MR. STARNES: We had one and I didn't trust that dog to turn away from him. He
would nip at you no matter what. Especially if it was a full moon.
MR. HUNNICUTT: Really?
MR. STARNES: He would definitely be aggressive.
MR. HUNNICUTT: I have the same feeling, every one of those dogs I ever saw I
didn't trust. I worked with a guy that had one. He said that's the gentlest dog, all that
dog wanted to do was chase groundhogs. The groundhog would get in the hole and
that groundhog would eat his face up. He'd stick down and he'd come back.

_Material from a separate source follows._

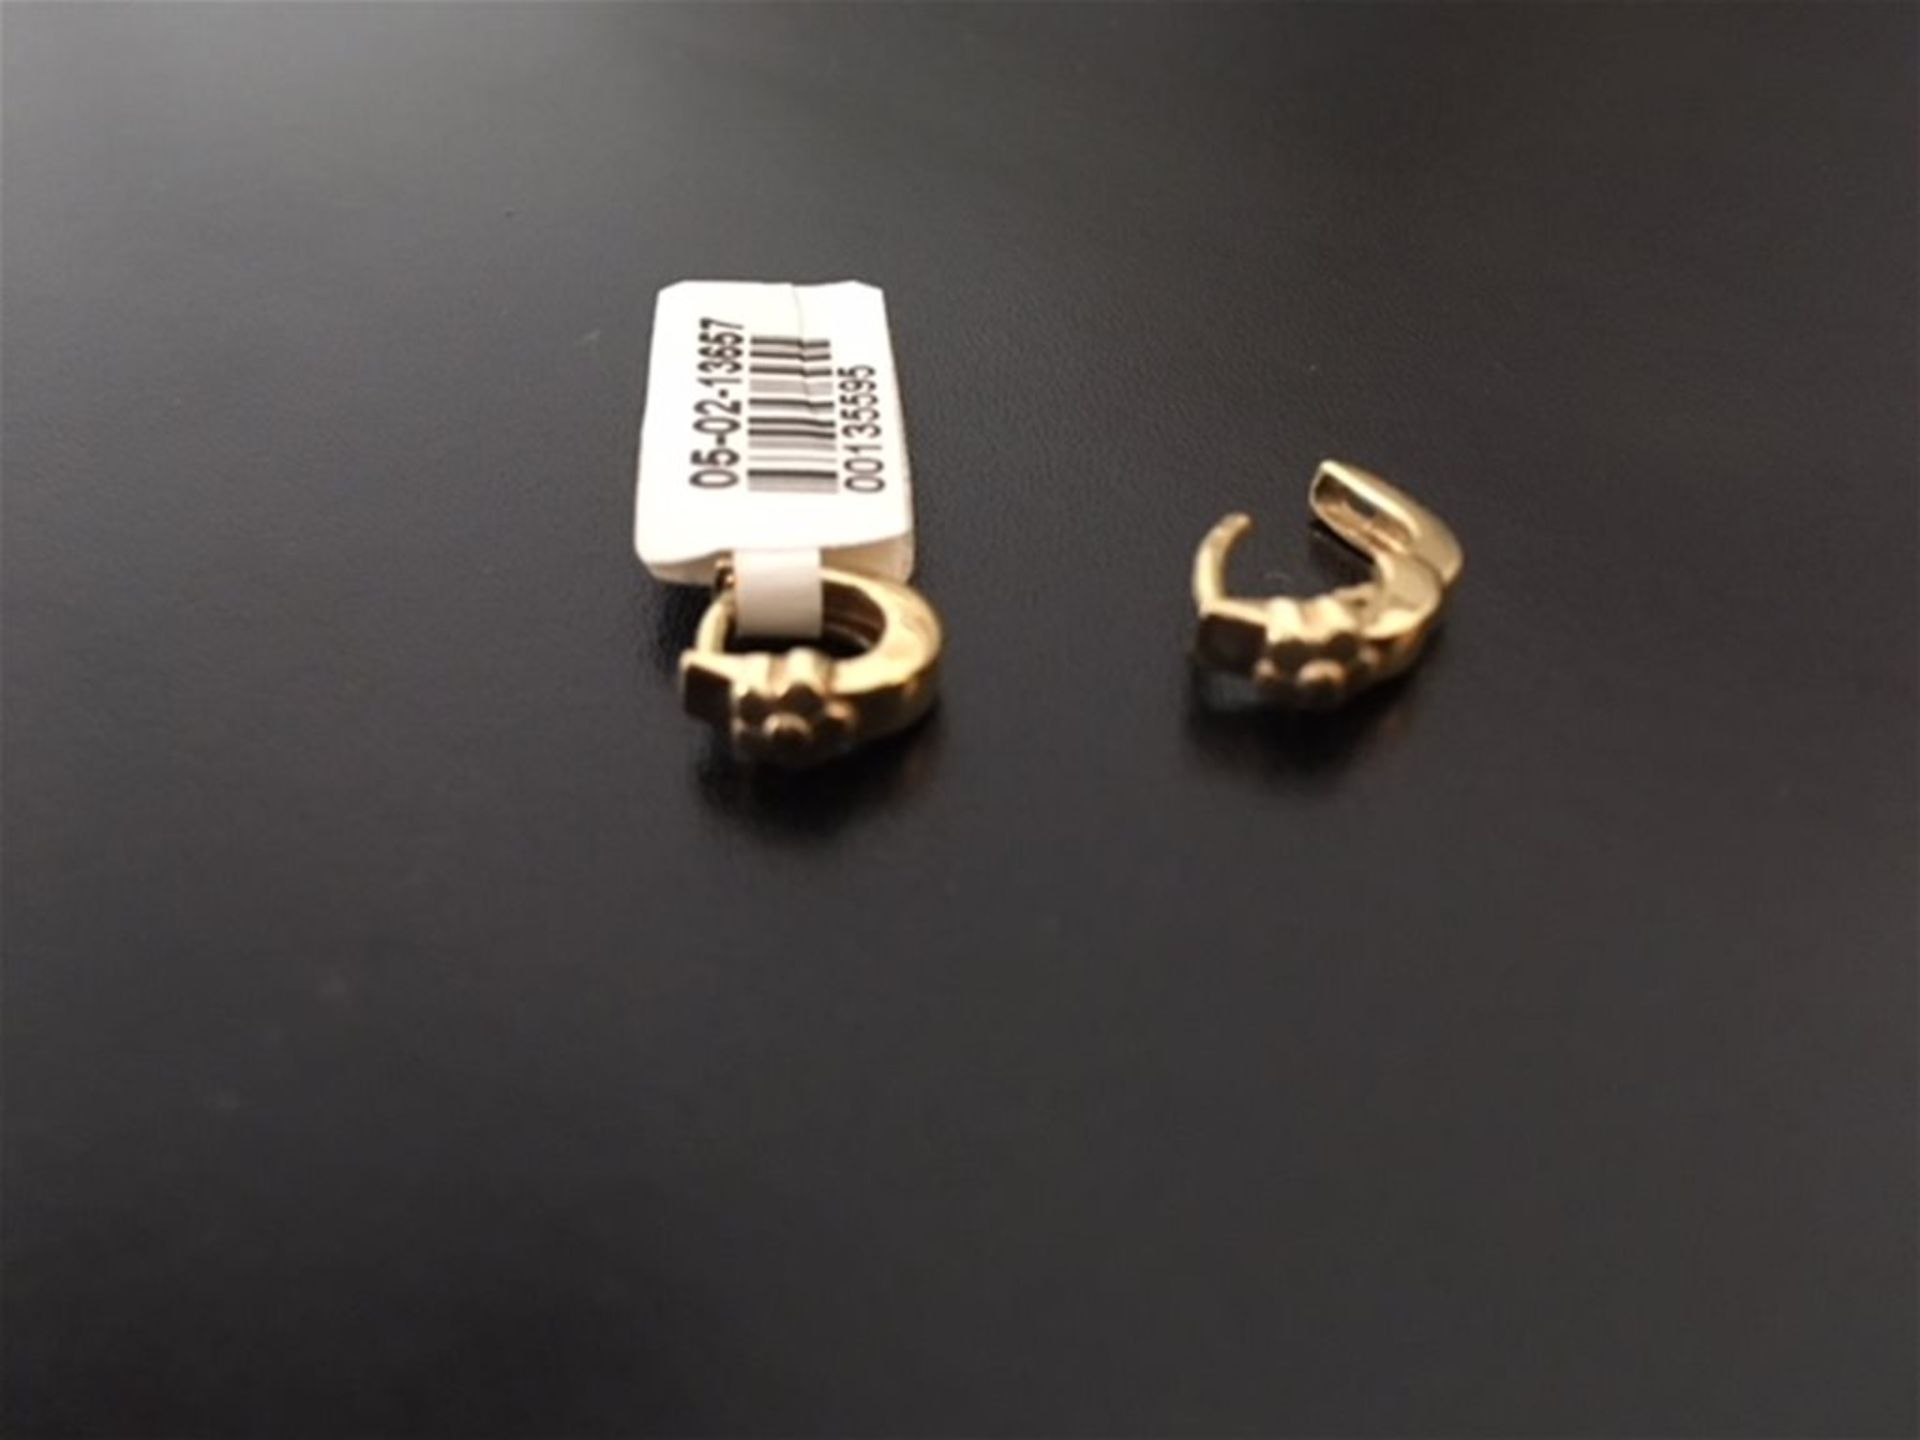 9ct gold earrings
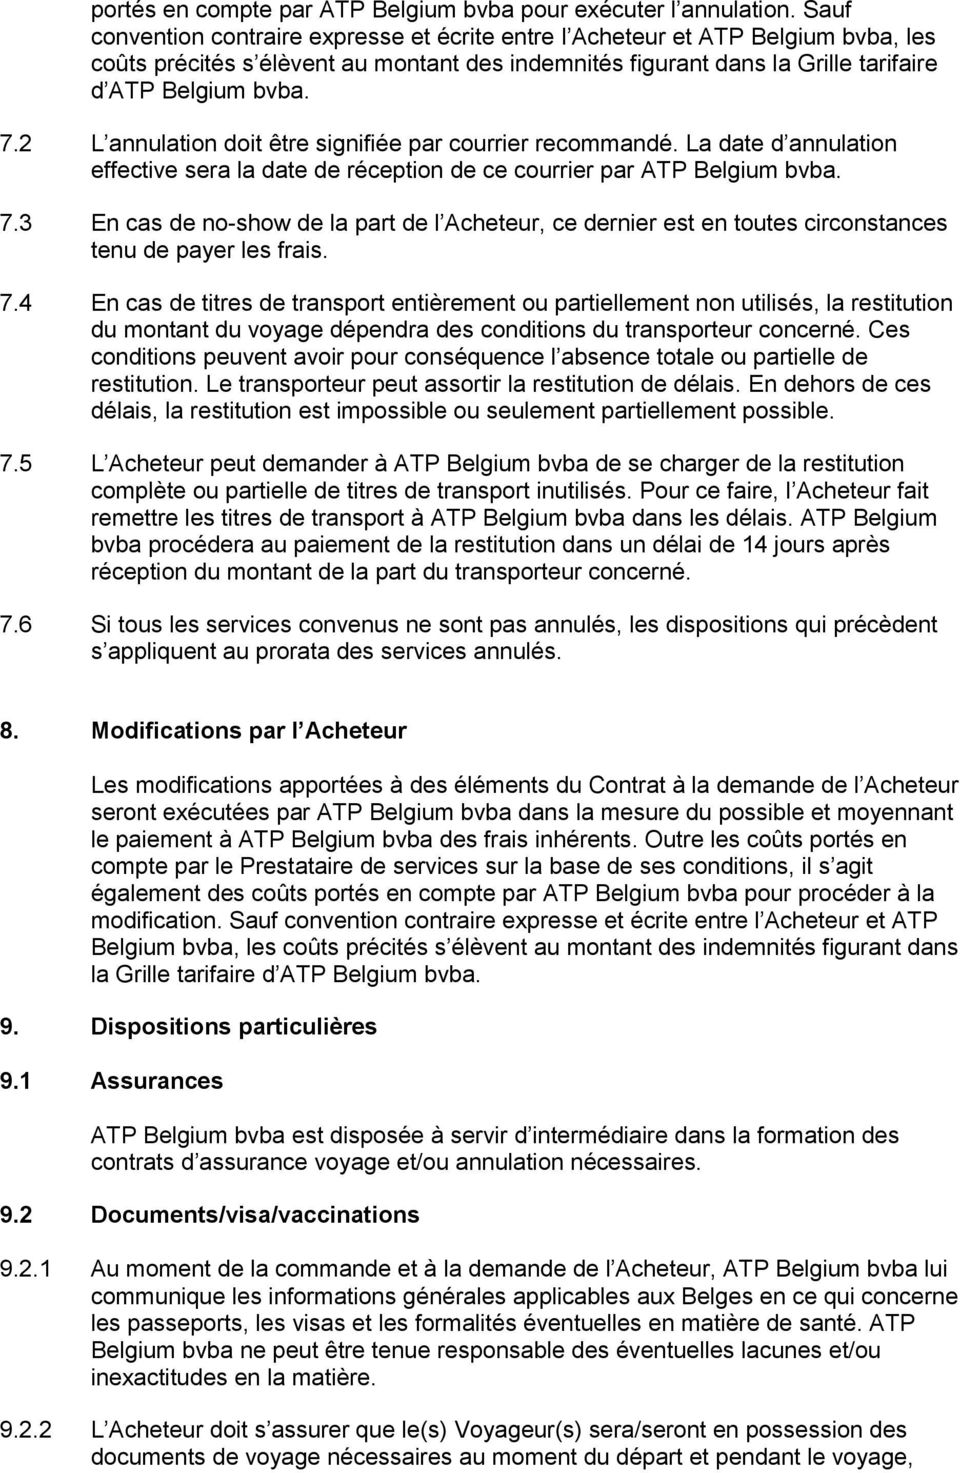 2 L annulation doit être signifiée par courrier recommandé. La date d annulation effective sera la date de réception de ce courrier par ATP Belgium bvba. 7.

Sometimes he'd get it out of there.
MR. STARNES: Yep.
MR. HUNNICUTT: If it did, it was dead. But other than that, he come back with a
bloody face. He said he never bothered a human whatsoever.
MR. STARNES: Yep.
MR. HUNNICUTT: But I've seen others that, I'm like you, I wouldn't trust them as far
as I could throw them.
MR. STARNES: Yep. We had a lot, it's a foreign dog, I want to think he was from
Brazil or England. I can't remember the breed right off hand. You had the malamute,
which looks almost like a shepherd but a different color.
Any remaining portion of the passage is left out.